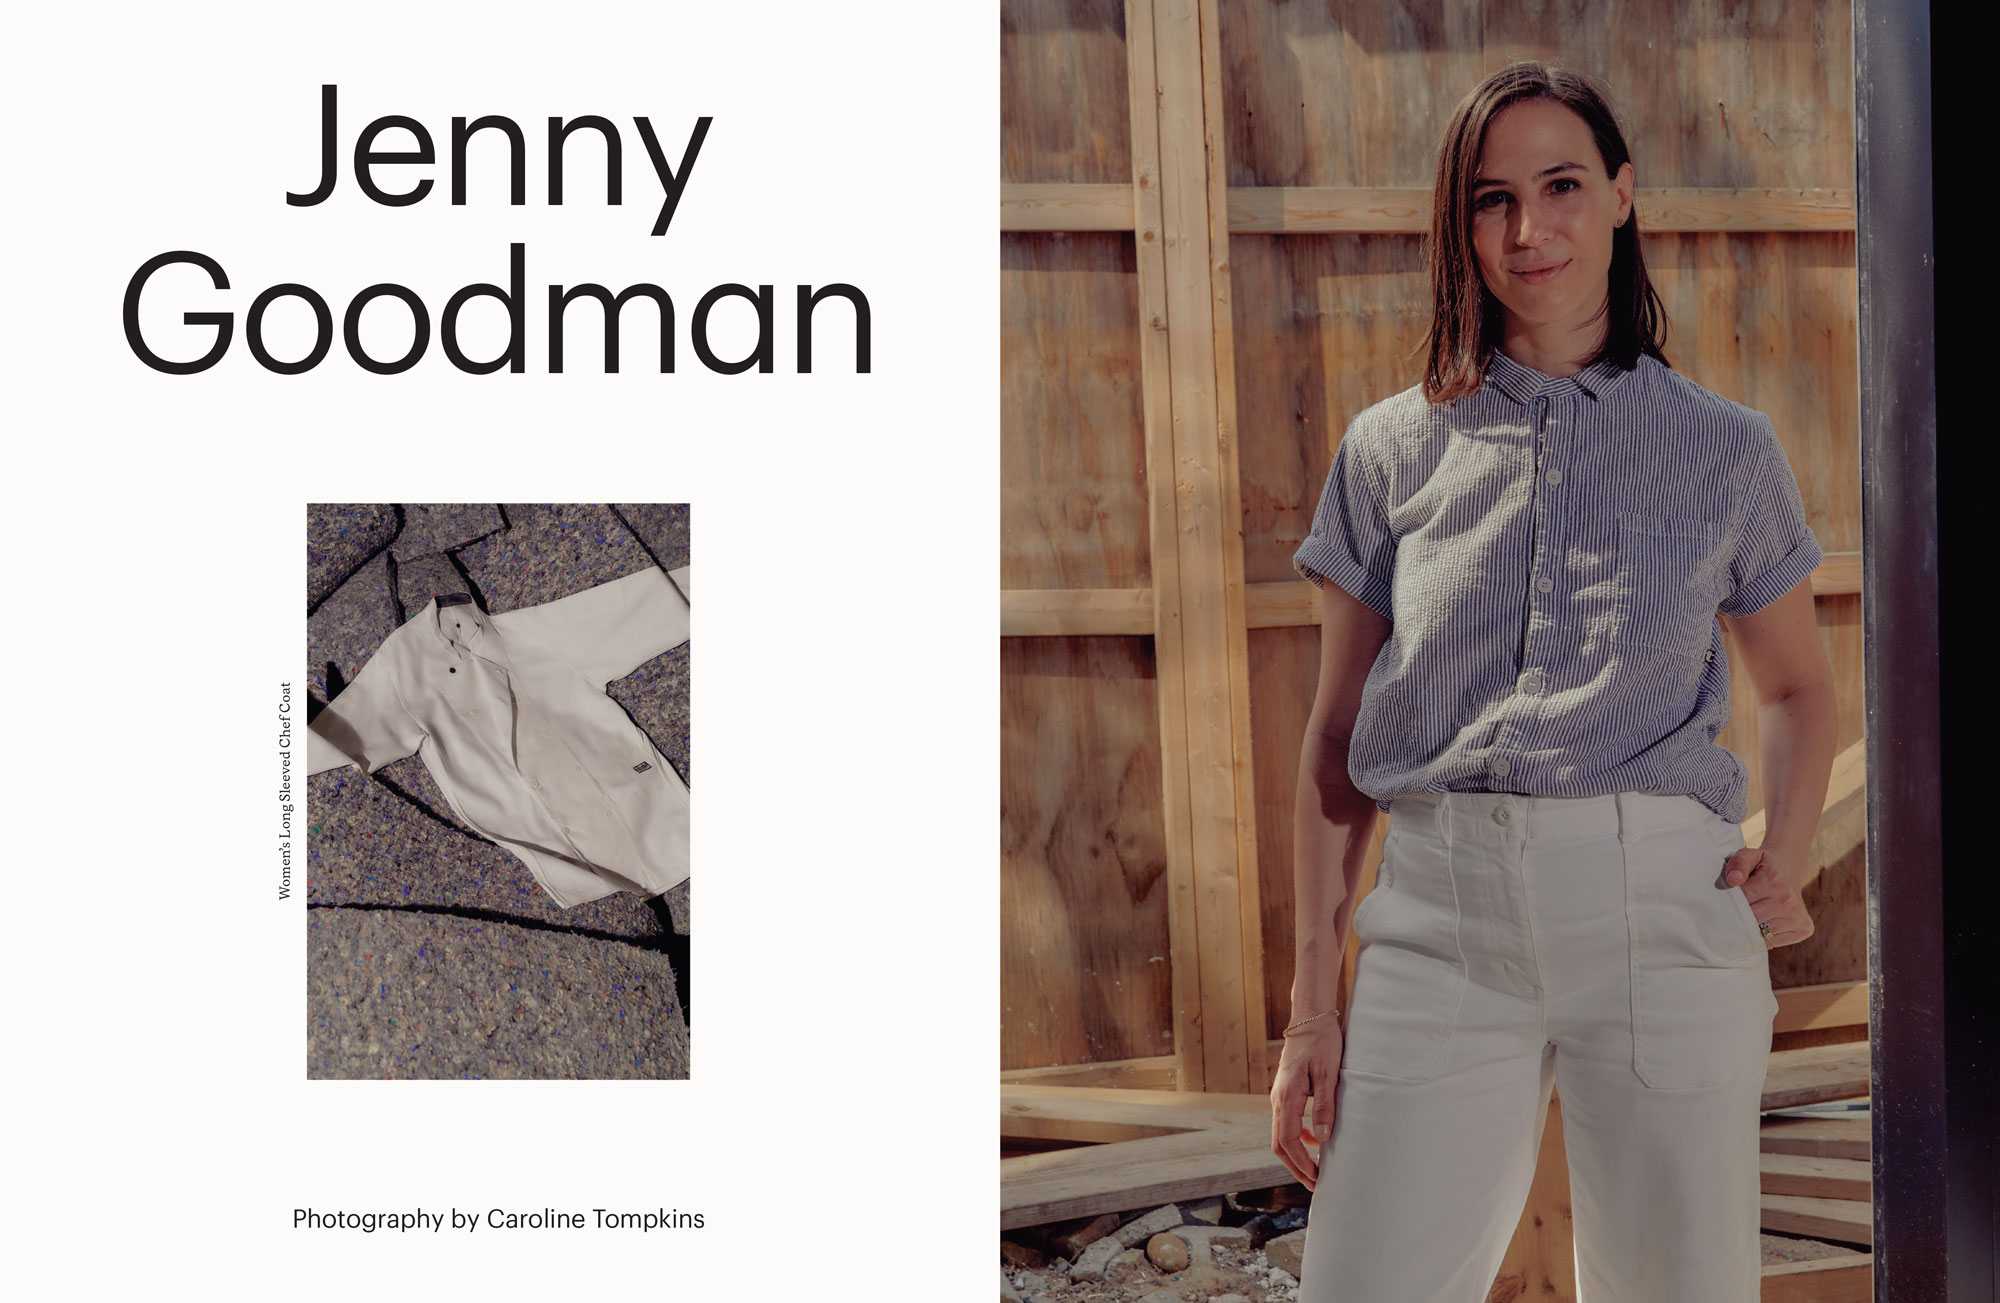 Jenny_Goodman_1.jpg
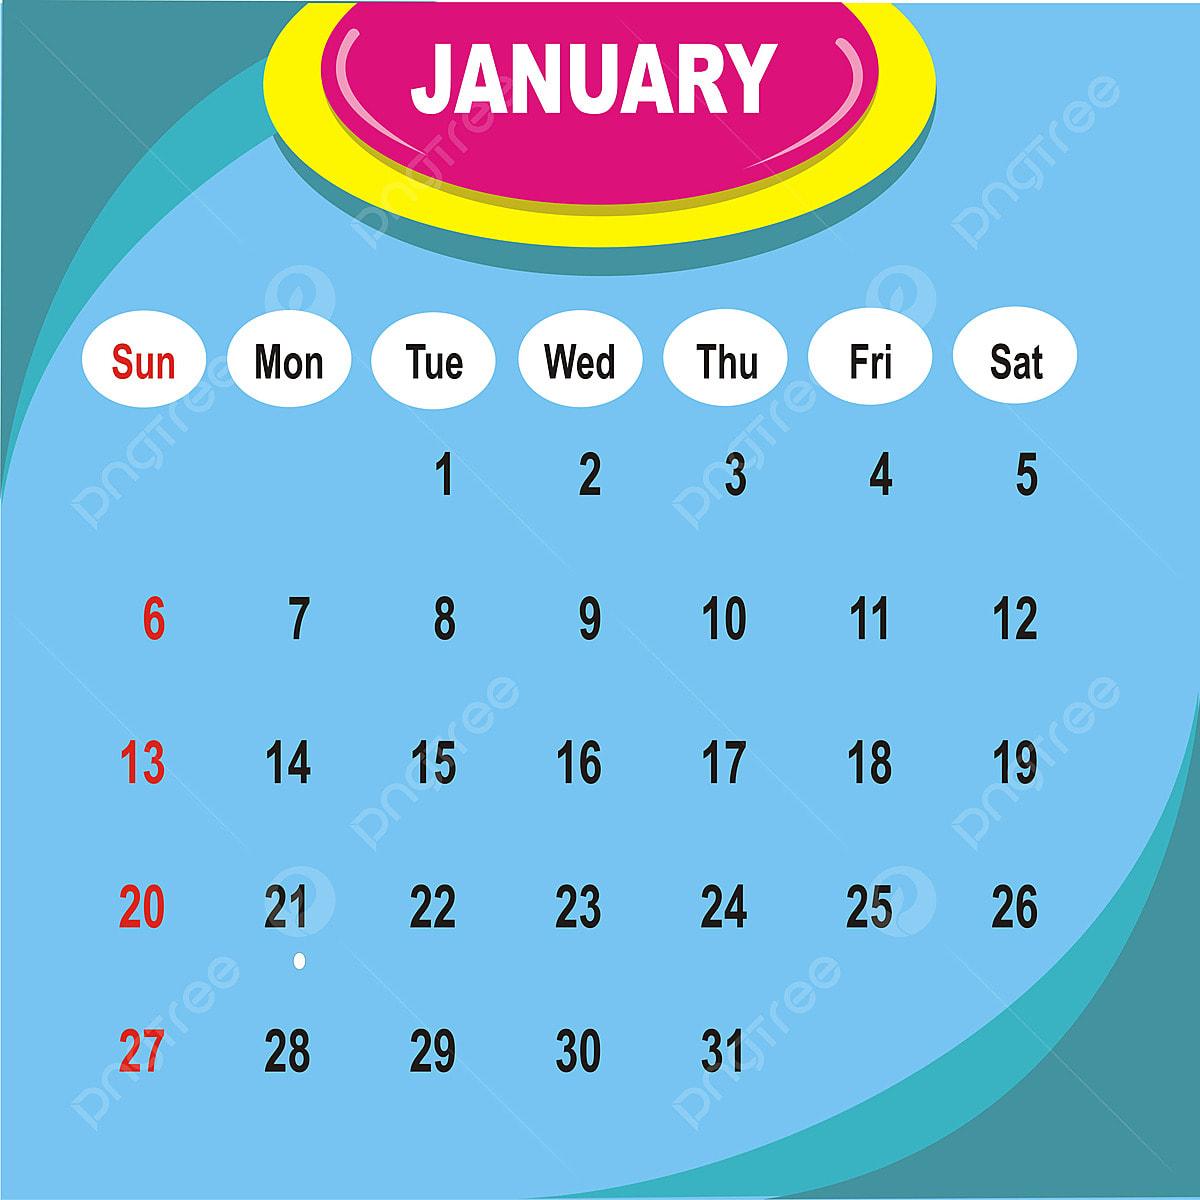 2019 تقويم شهر يناير ملصق ناقل التقويم قالب خلفية Png والمتجهات للتحميل مجانا
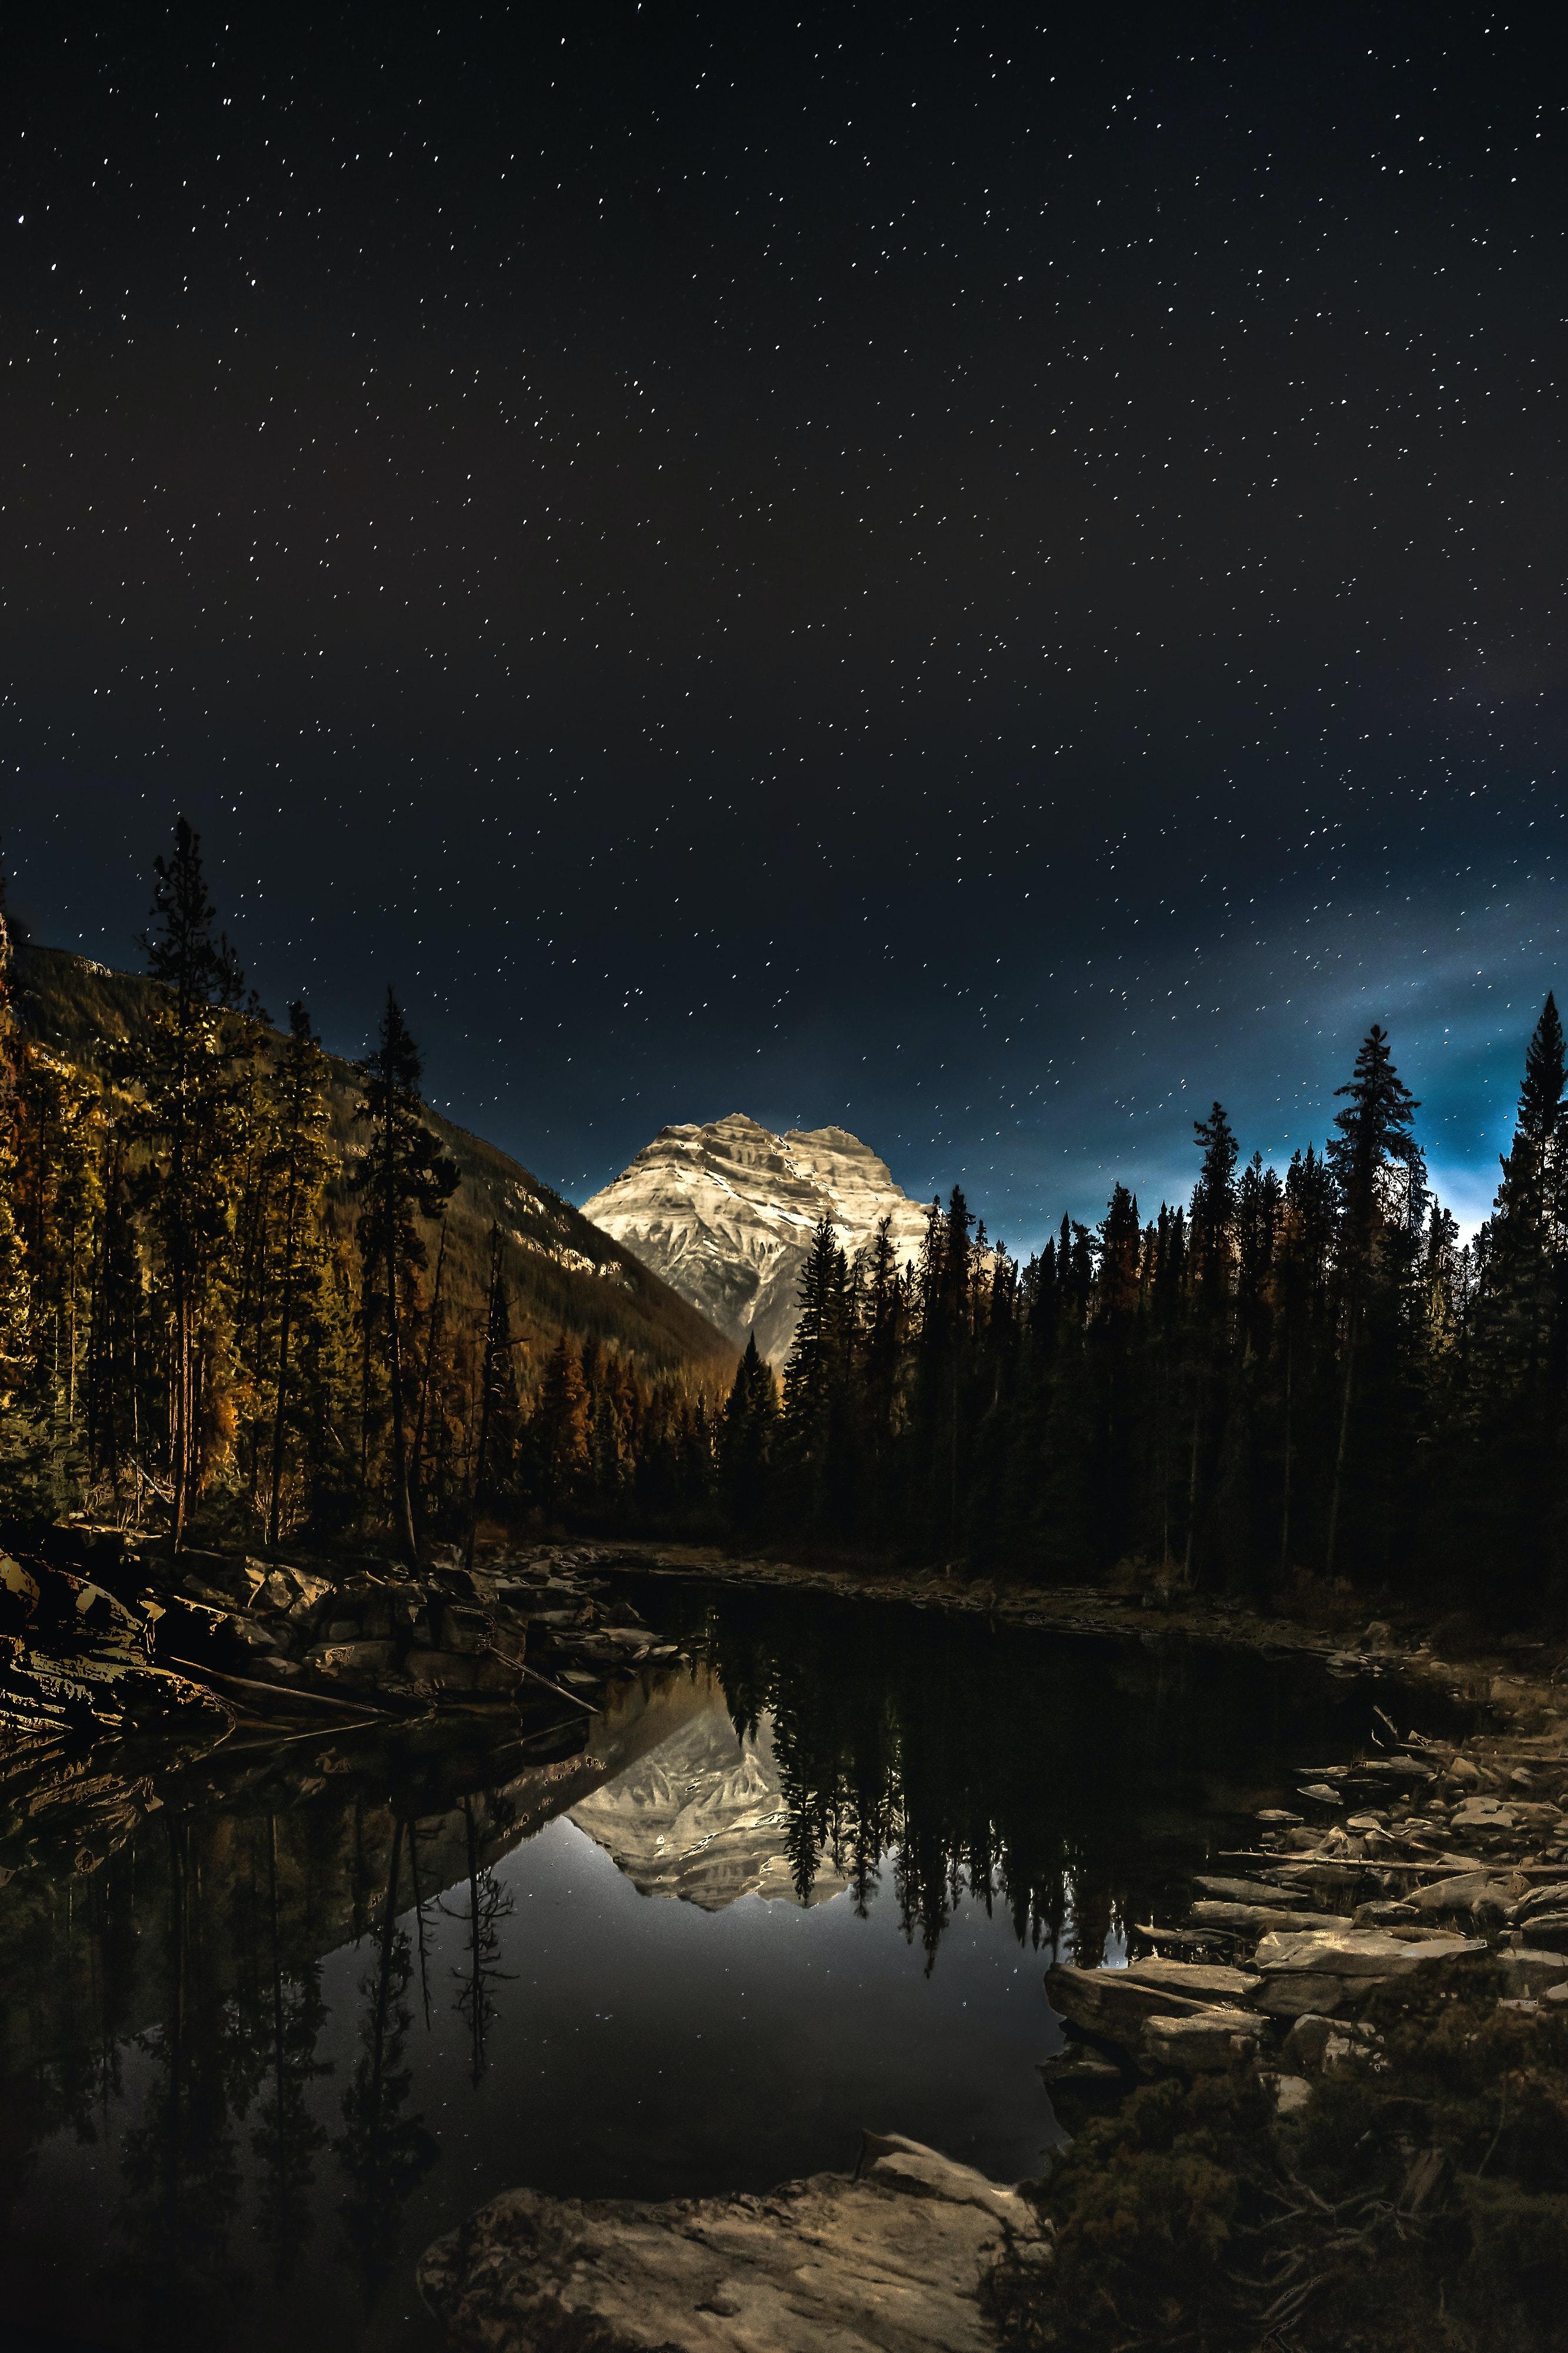 126937 скачать обои Пейзаж, Природа, Ночь, Гора, Озеро, Лес - заставки и картинки бесплатно

**Problem statement**
A verbatim copy is needed of the lines running from the line with "2019 تقويم شهر" to the end of the data above, both included. Keep the pictures out of it.

**Solution**
 2019 تقويم شهر يناير ملصق ناقل التقويم قالب خلفية Png والمتجهات للتحميل مجانا
 126937 скачать обои Пейзаж, Природа, Ночь, Гора, Озеро, Лес - заставки и картинки бесплатно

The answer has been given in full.